TASK BRIEF:
Exclude the pictures, then repeat the remaining data exactly.

DATASET EXCERPT:
--- START ---

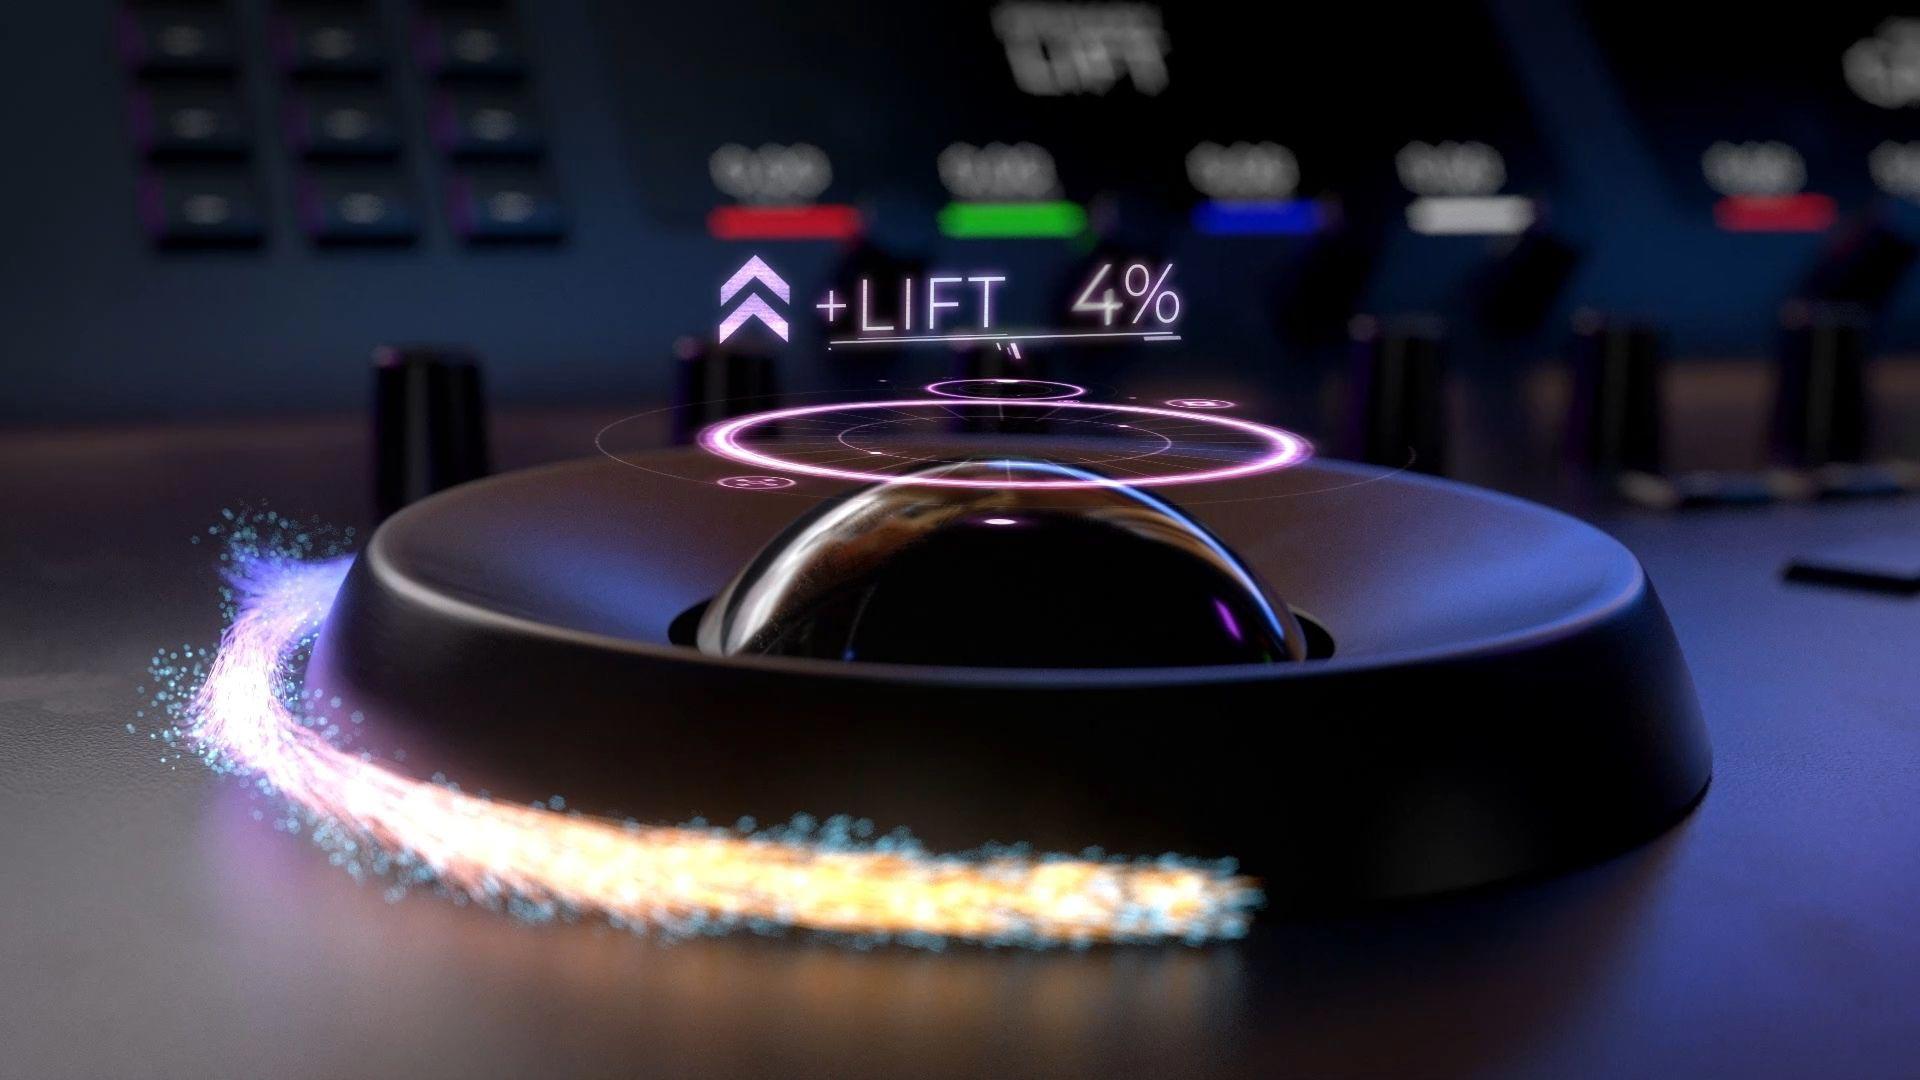 Colourlab Ai: Artificial Intelligence revolutionizes color grading
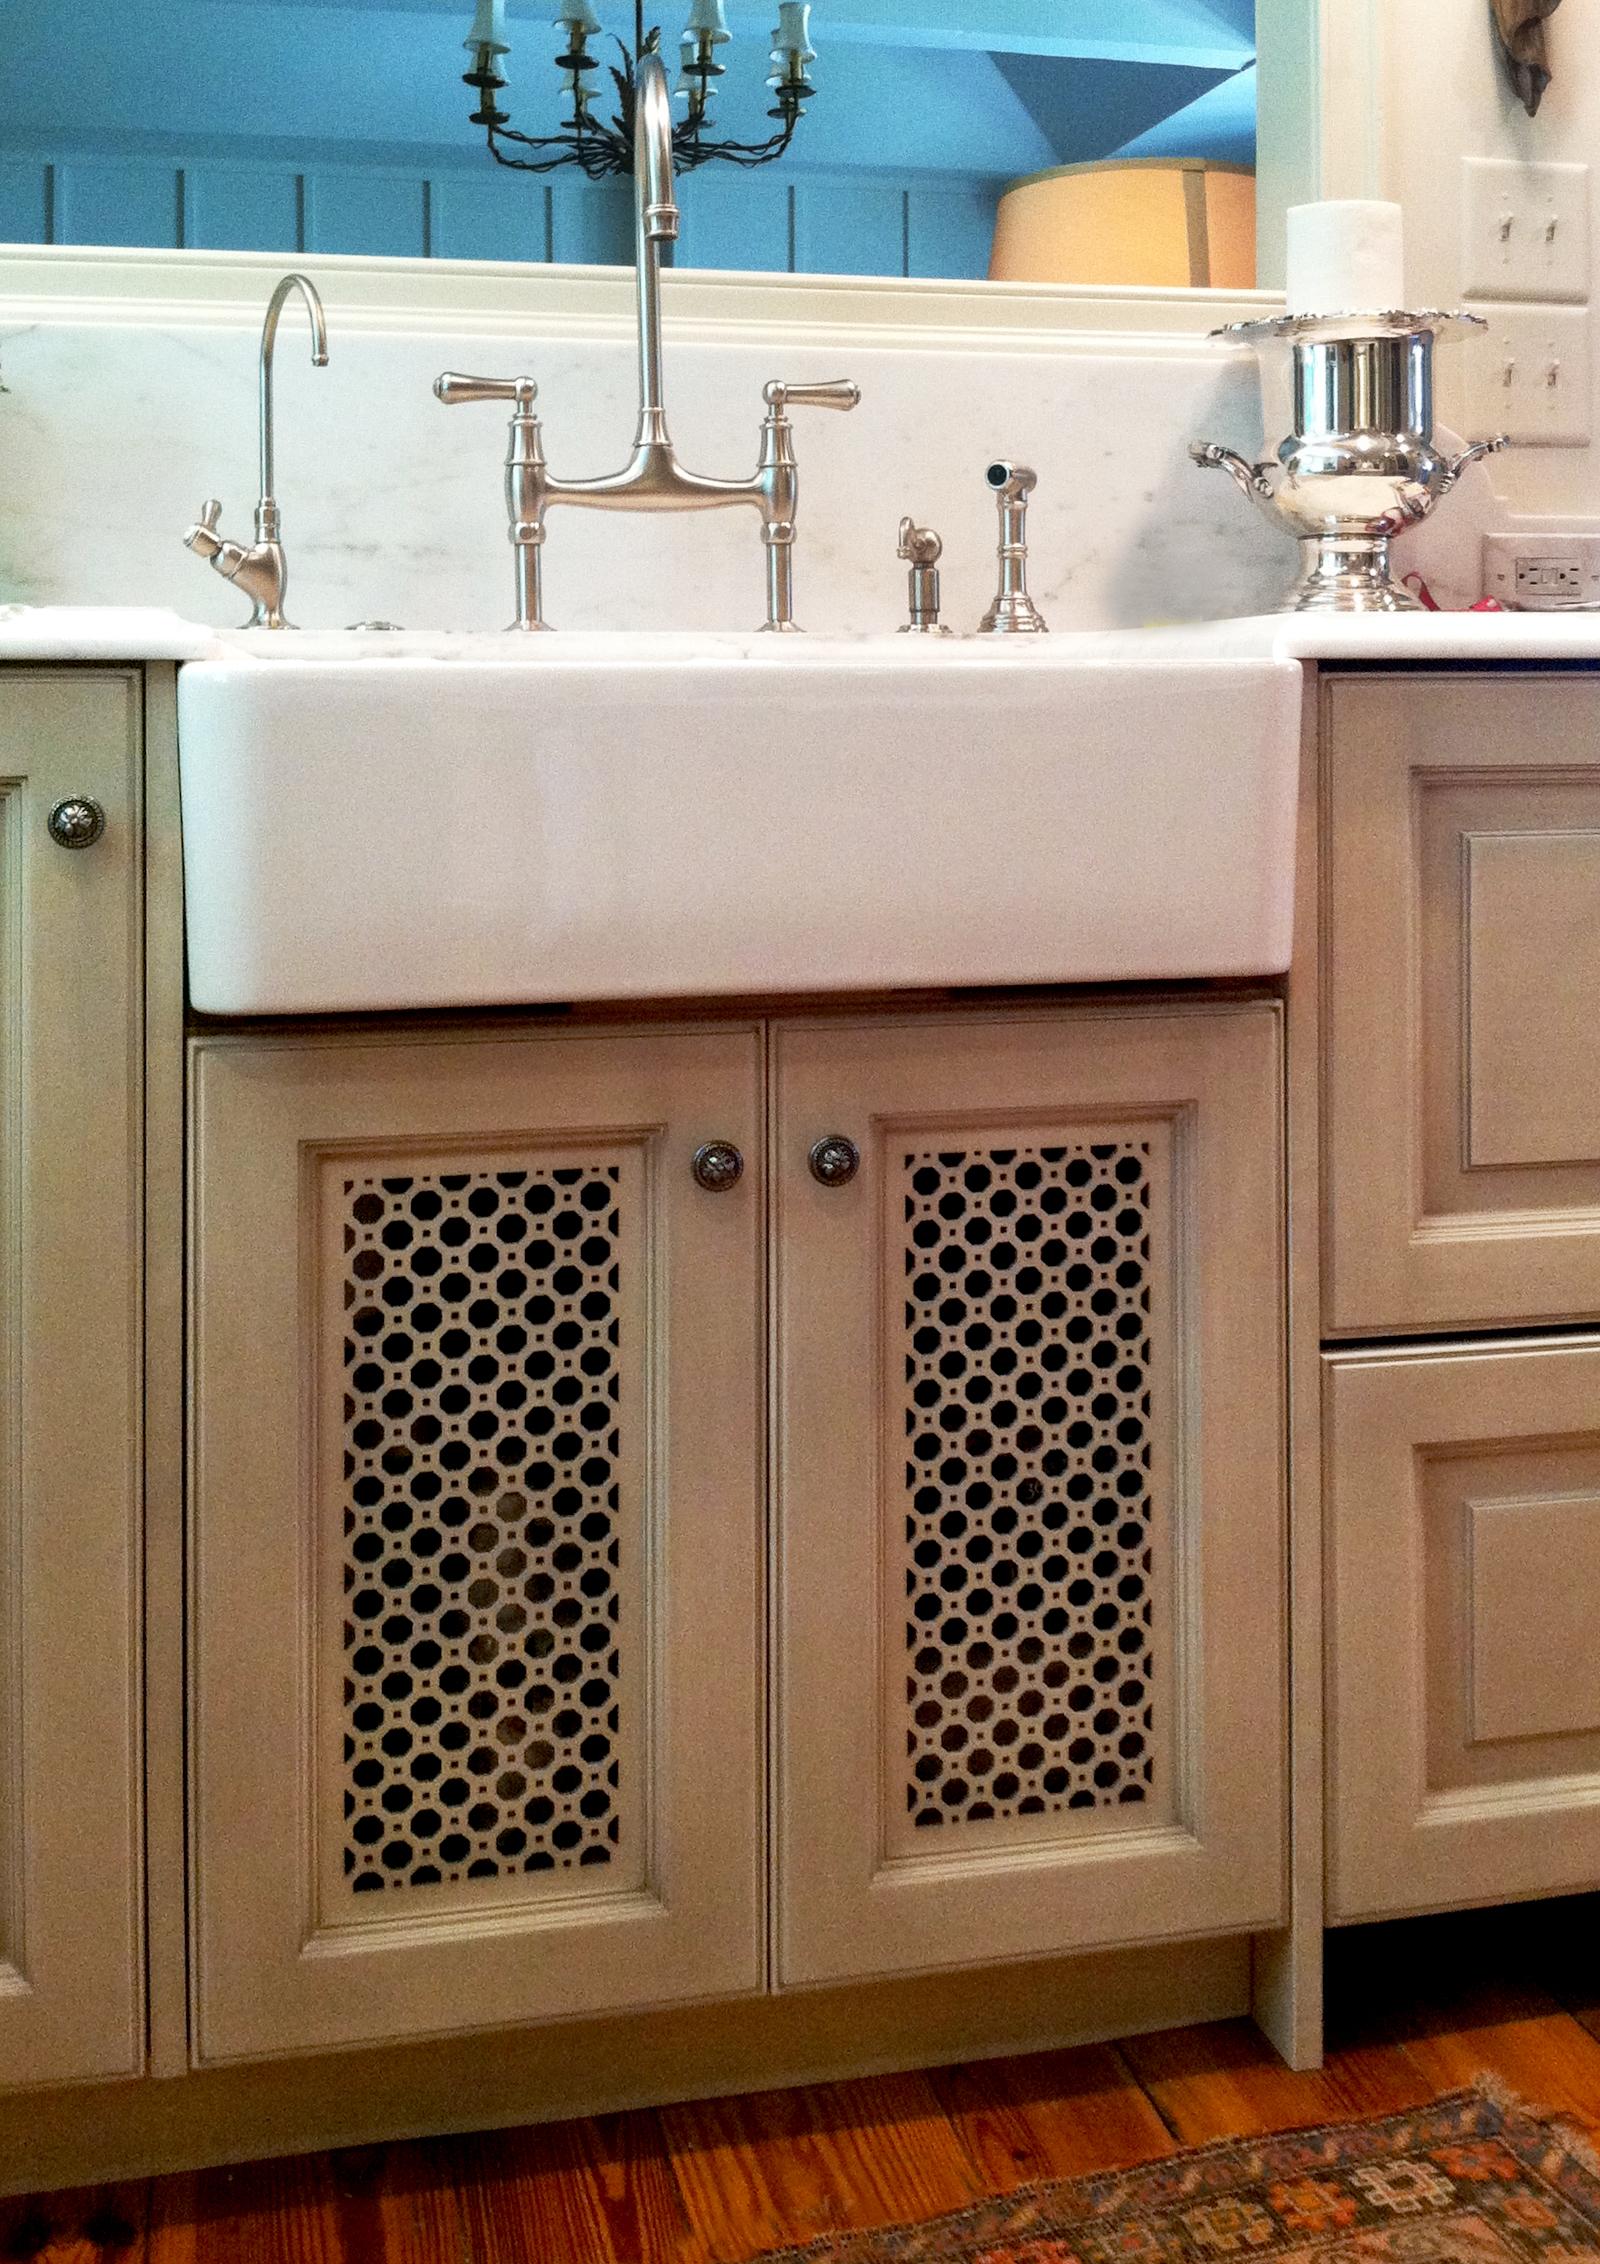 Design Galleria  Custom kitchen cabinet lattice pattern
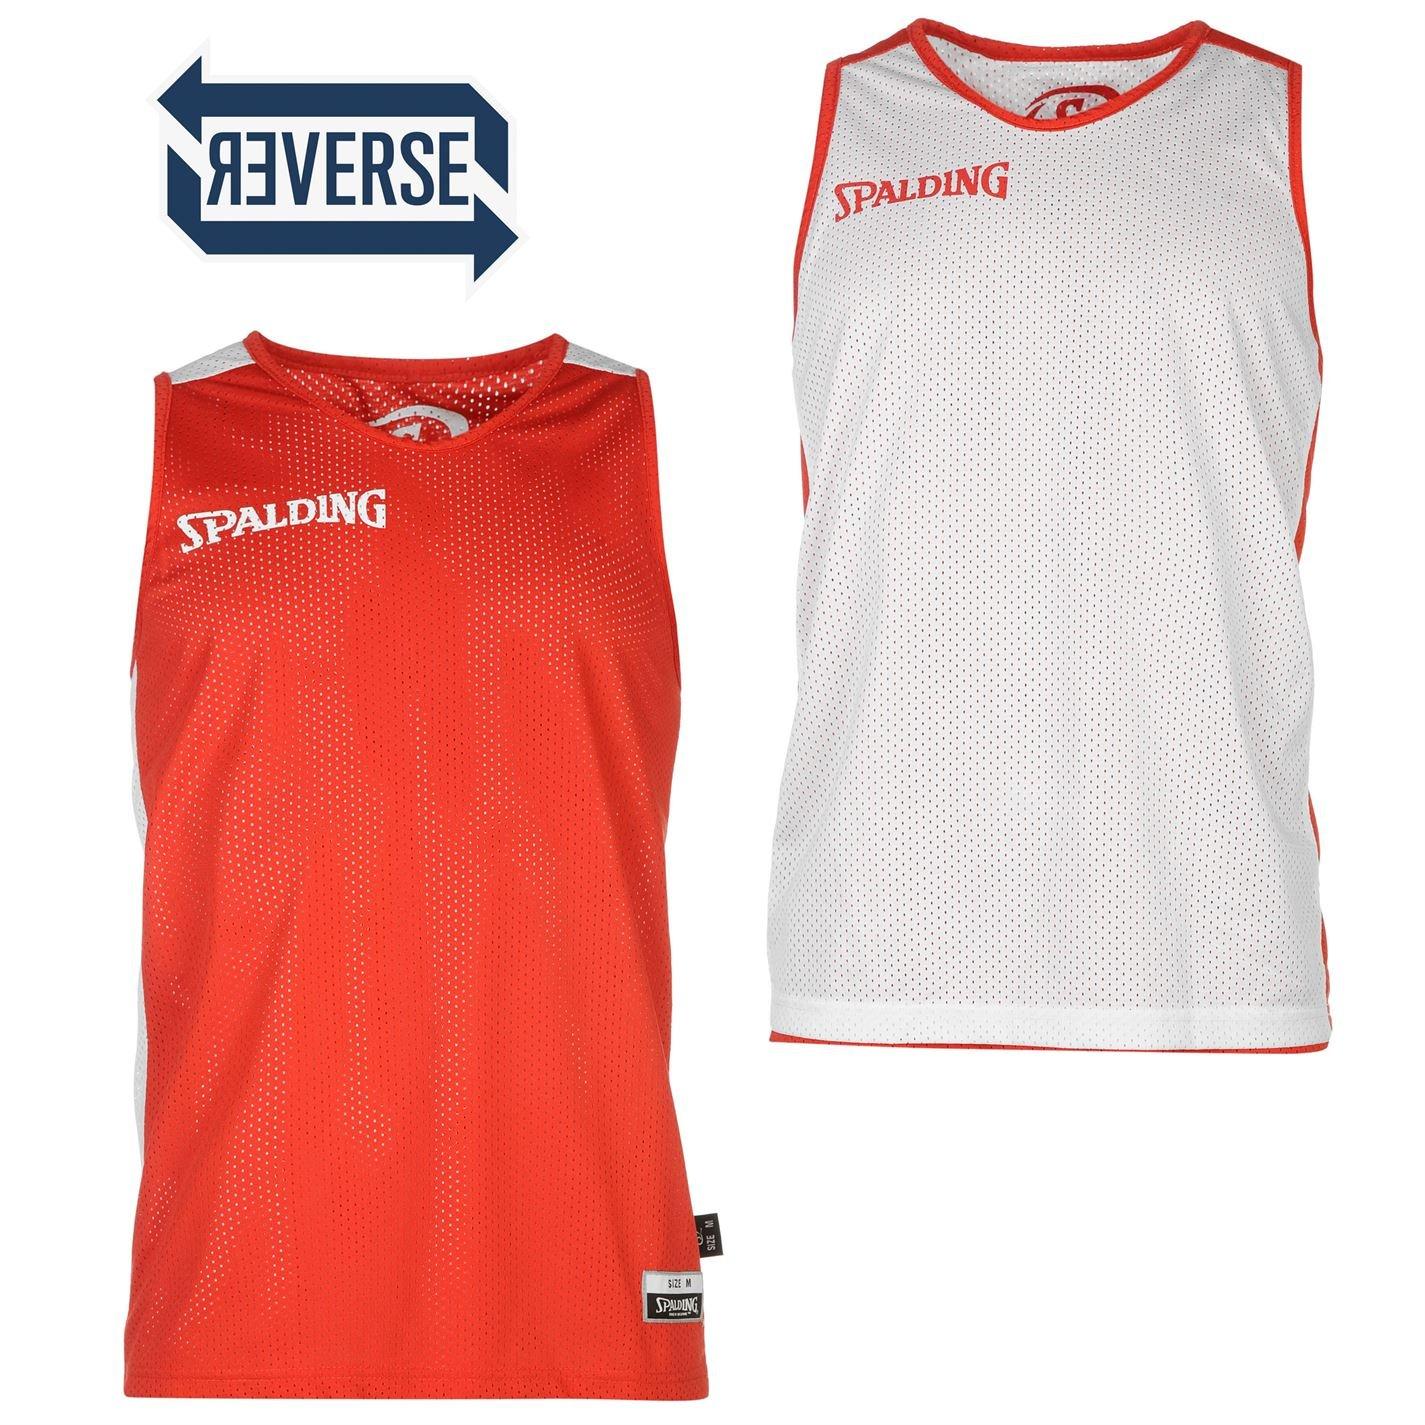 Spalding Hombre Reversible Camiseta Ligero Baloncesto Sin Mangas ...

--- END ---

OUTPUT BELOW:
 Colourlab Ai: Artificial Intelligence revolutionizes color grading
 Design Galleria  Custom kitchen cabinet lattice pattern
 Spalding Hombre Reversible Camiseta Ligero Baloncesto Sin Mangas ...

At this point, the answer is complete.